У попа было благообразное Христово лицо, ласковые, женские глаза и маленькие руки, тоже какие-то ласковые ко всему, что попадало в них. Каждую вещь – книгу, линейку, ручку пера – он брал удивительно хорошо, точно вещь была живая, хрупкая, поп очень любил её и боялся повредить ей неосторожным прикосновением. С ребятишками он был не так ласков, но они всё-таки любили его.
Несмотря на то, что я учился сносно, мне скоро было сказано, что меня выгонят из школы за недостойное поведение. Я приуныл, – это грозило мне всякими неприятностями: мать, становясь всё более раздражительной, всё чаще поколачивала меня.
Но явилась помощь, – в школу неожиданно приехал епископ Хрисанф[2], похожий на колдуна и, помнится, горбатый.
Когда он, маленький, в широкой чёрной одежде и смешном ведёрке на голове, сел за стол, высвободил руки из рукавов и сказал: «Ну, давайте беседовать, дети мои!» – в классе сразу стало тепло, весело, повеяло незнакомо приятным.
Вызвав после многих меня к столу, он спросил серьёзно:
– Тебе – который год? Только-о? Какой ты, брат, длинный, а? Под дождями часто стоял, а?
Положив на стол сухонькую руку, с большими острыми ногтями, забрав в пальцы непышную бородку, он уставился в лицо мне добрыми глазами, предложив:
– Ну-ко, расскажи мне из священной истории, что тебе нравится?
Когда я сказал, что у меня нет книги и я не учу священную историю, он поправил клобук и спросил:
– Как же это? Ведь это надобно учить! А может, что-нибудь знаешь, слыхал? Псалтырь знаешь? Это хорошо! И молитвы? Ну, вот видишь! Да ещё и жития? Стихами? Да ты у меня знающий…
Явился наш поп, красный, запыхавшийся, епископ благословил его, но когда поп стал говорить про меня, он поднял руку, сказав:
– Позвольте, минутку… Ну-ко, расскажи про Алексея человека божия…
– Прехорошие стихи, брат, а? – сказал он, когда я приостановился, забыв какой-то стих. – А ещё что-нибудь?.. Про царя Давида? Очень послушаю!
Я видел, что он действительно слушает и ему нравятся стихи, он спрашивал меня долго, потом вдруг остановил, осведомляясь, быстро:
– По Псалтырю учился? Кто учил? Добрый дедушка-то? Злой? Неужто? А ты очень озорничаешь?

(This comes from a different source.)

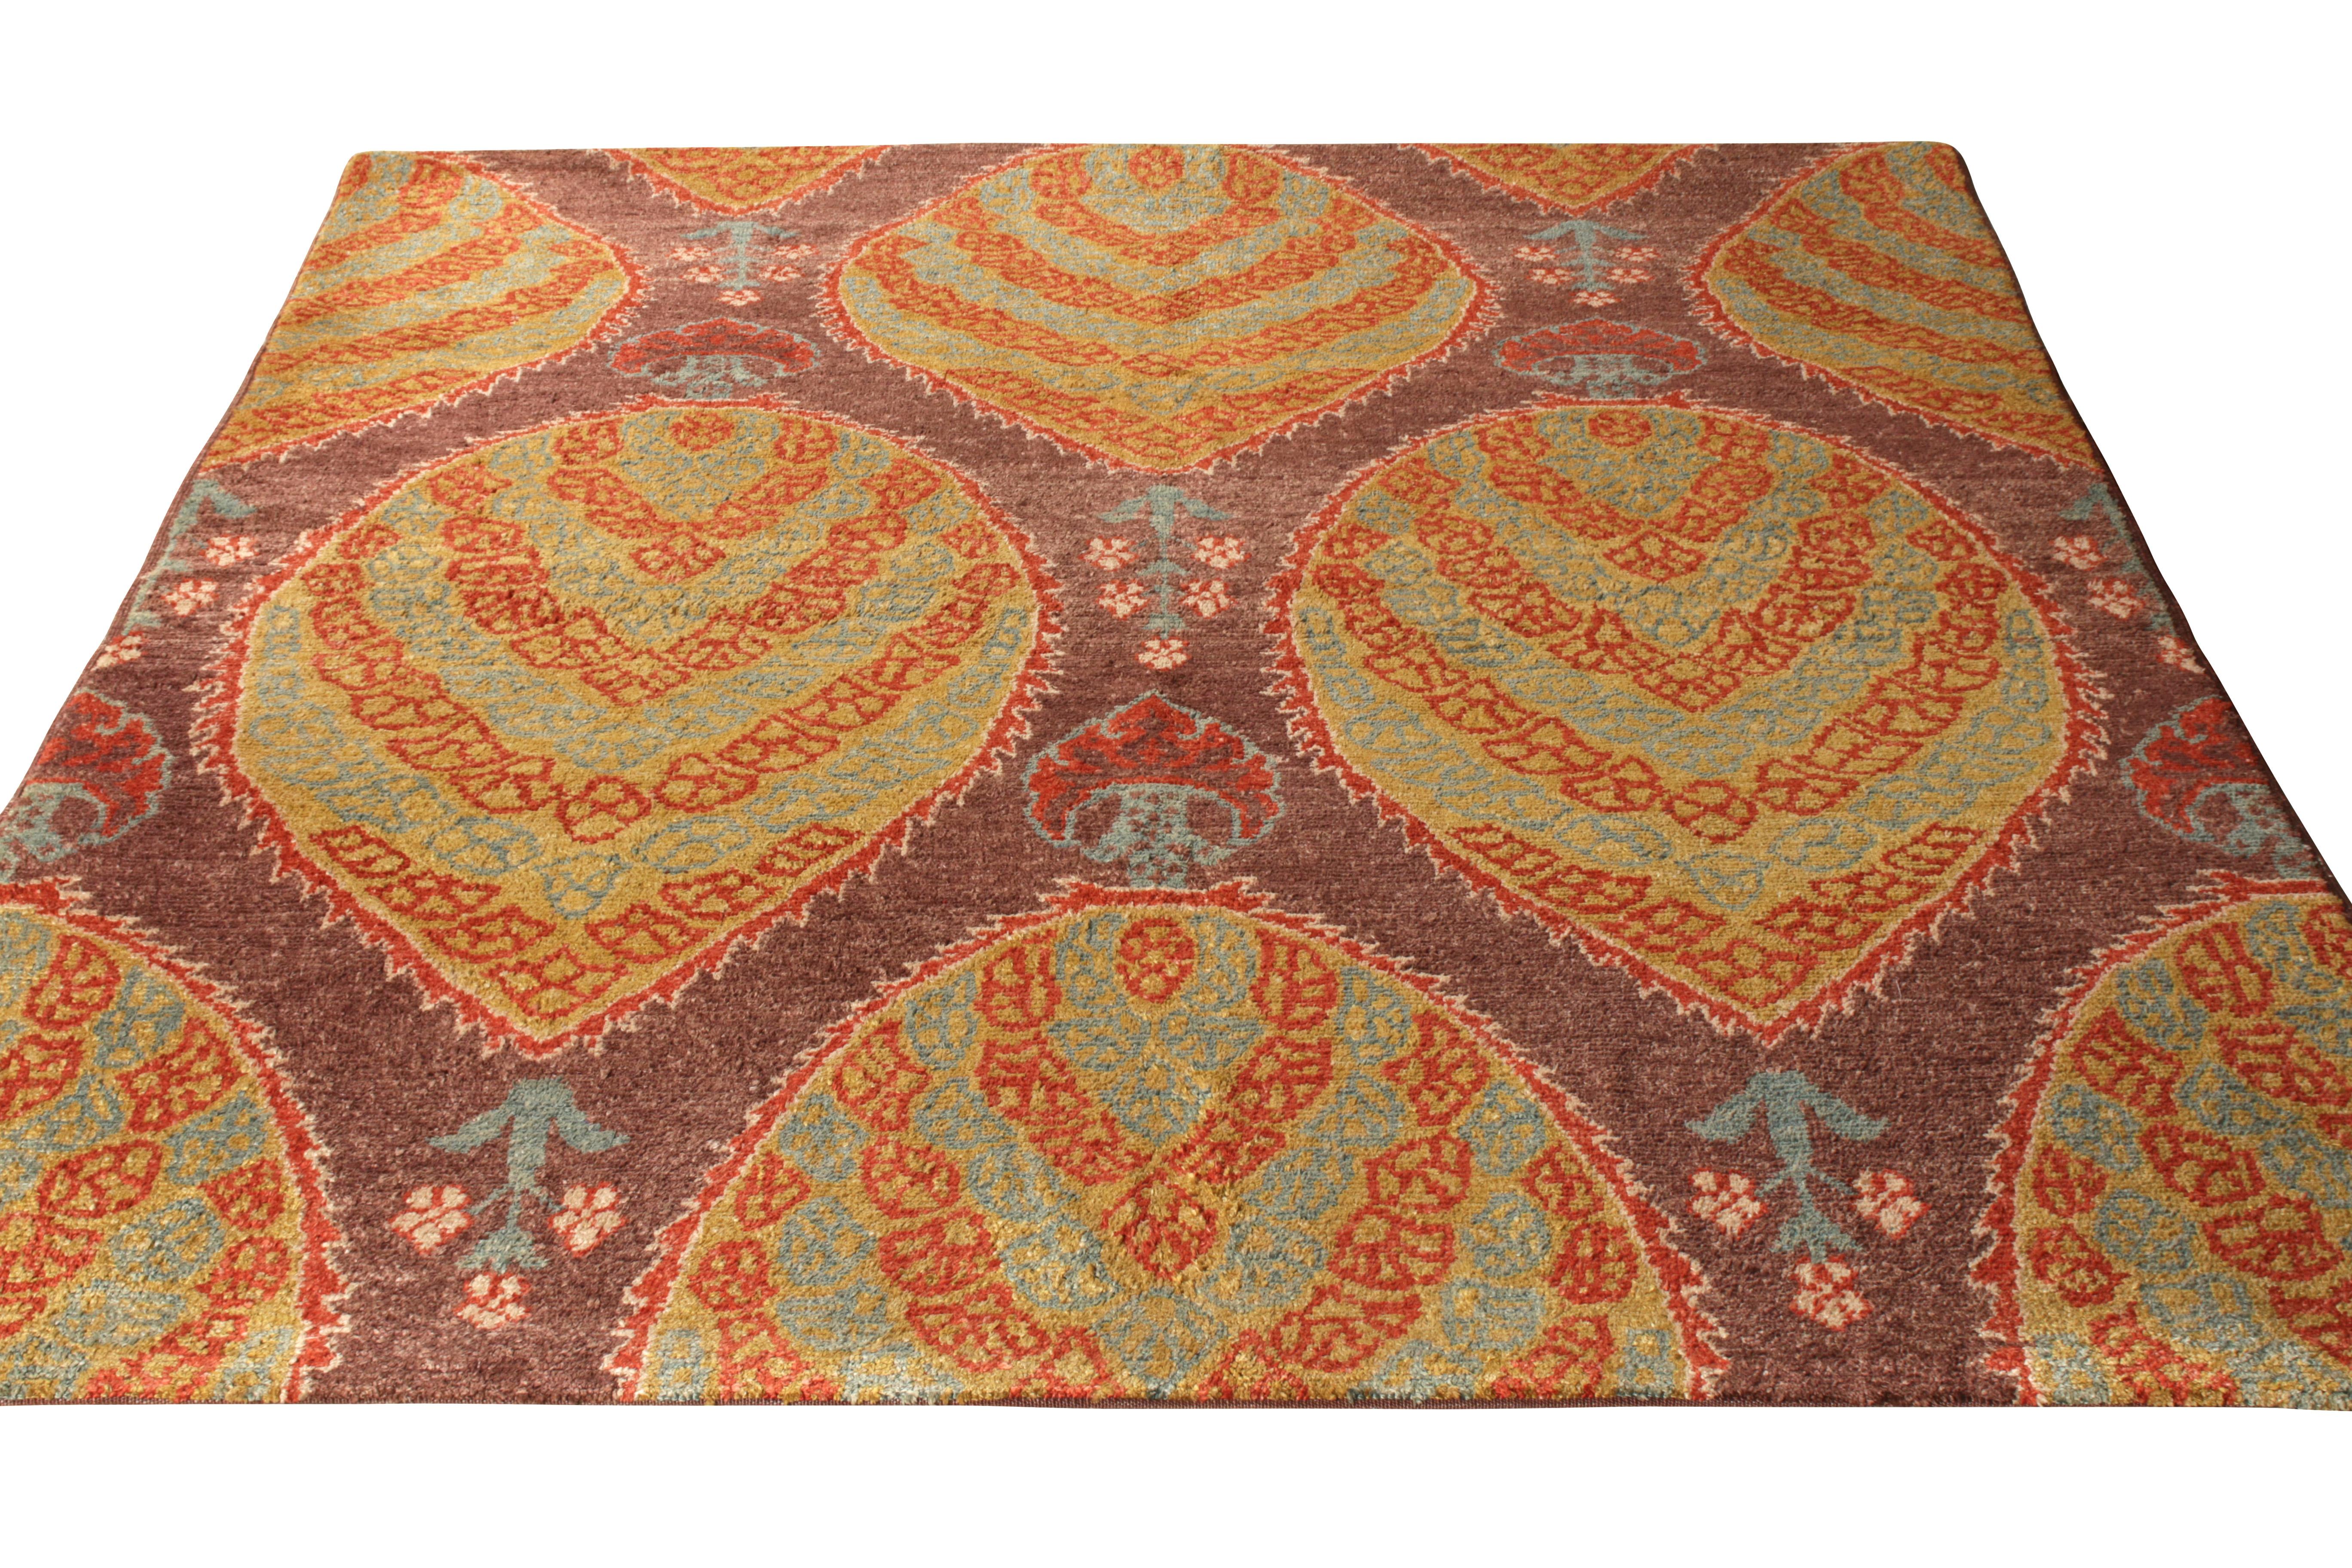 Dieser handgeknüpfte Seidenteppich aus der Türkei (ca. 1970-1980) ist Teil der Antique & Vintage Kollektion von Rug & Kilim. Der Teppich gehört zu den Werken von George Ravmamovich und zeichnet sich durch ein außergewöhnliches florales Muster aus,

Я замялся, но сказал – да. Учитель с попом многословно подтвердили моё сознание, он слушал их, опустив глаза, потом сказал, вздохнув:
– Вот что про тебя говорят – слыхал? Ну-ко, подойди!
Положив на голову мне руку, от которой исходил запах кипарисового дерева, он спросил:
– Чего же это ты озорничаешь?
– Скучно? Это, брат, неверно что-то. Было бы скучно учиться – учился бы ты плохо, а вот учителя свидетельствуют, что хорошо ты учишься. Значит, есть что-то другое.

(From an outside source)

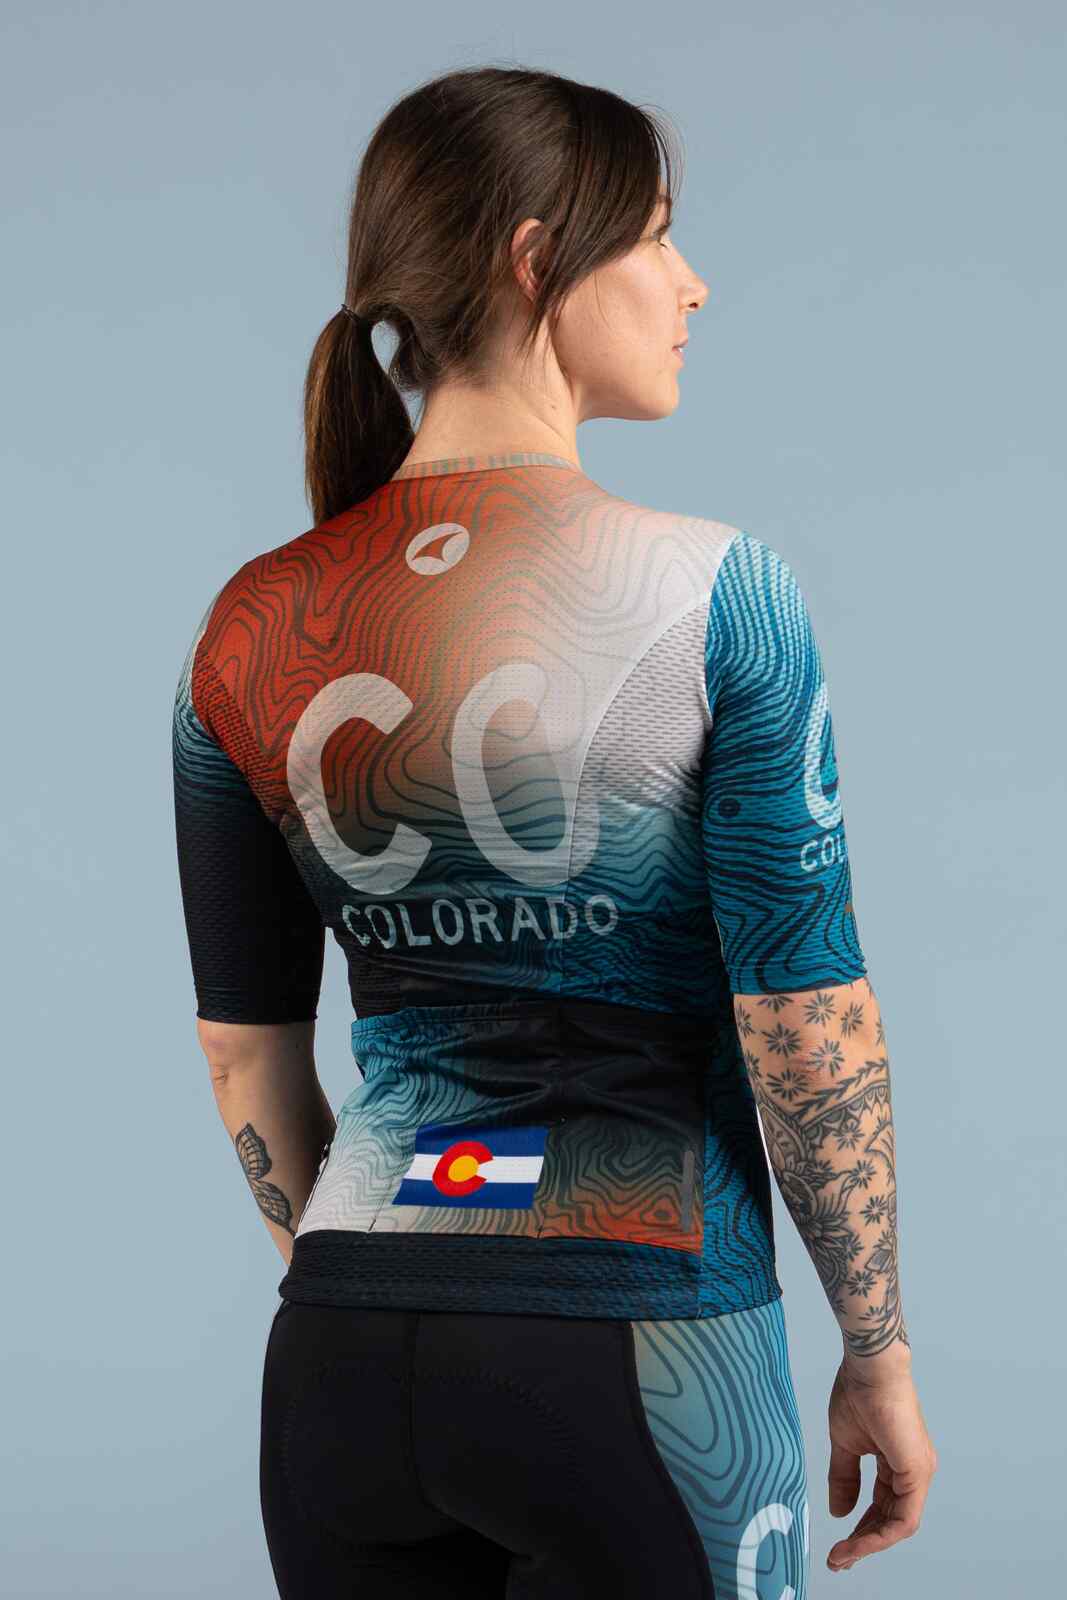 Women's Colorado Geo Mesh Cycling Jersey - Back View

Вынув маленькую книжку из-за пазухи, он записал:
– Пешко́в Алексей. Так. А ты всё-таки сдерживался бы, брат, не озорничал бы много-то! Немножко можно, а уж много-то досадно людям бывает! Так ли я говорю, дети?
Множество голосов весело ответили:
– Так.
– Вы сами то ведь не много озорничаете?
Мальчишки, ухмыляясь, заговорили:
Епископ отклонился на спинку стула, прижал меня к себе и удивлённо сказал, так, что все – даже учитель с попом – засмеялись:
– Экое дело, братцы мои, ведь и я тоже в ваши-то годы великим озорником был! Отчего бы это, братцы?
Дети смеялись, он расспрашивал их, ловко путая всех, заставляя возражать друг другу, и всё усугублял весёлость. Наконец встал и сказал:
– Хорошо с вами, озорники, да пора ехать мне!
Поднял руку, смахнув рукав к плечу, и, крестя всех широкими взмахами, благословил:
– Во имя отца и сына и святаго духа, благословляю вас на добрые труды! Прощайте.
Все закричали:
– Прощайте, владыко! Опять приезжайте.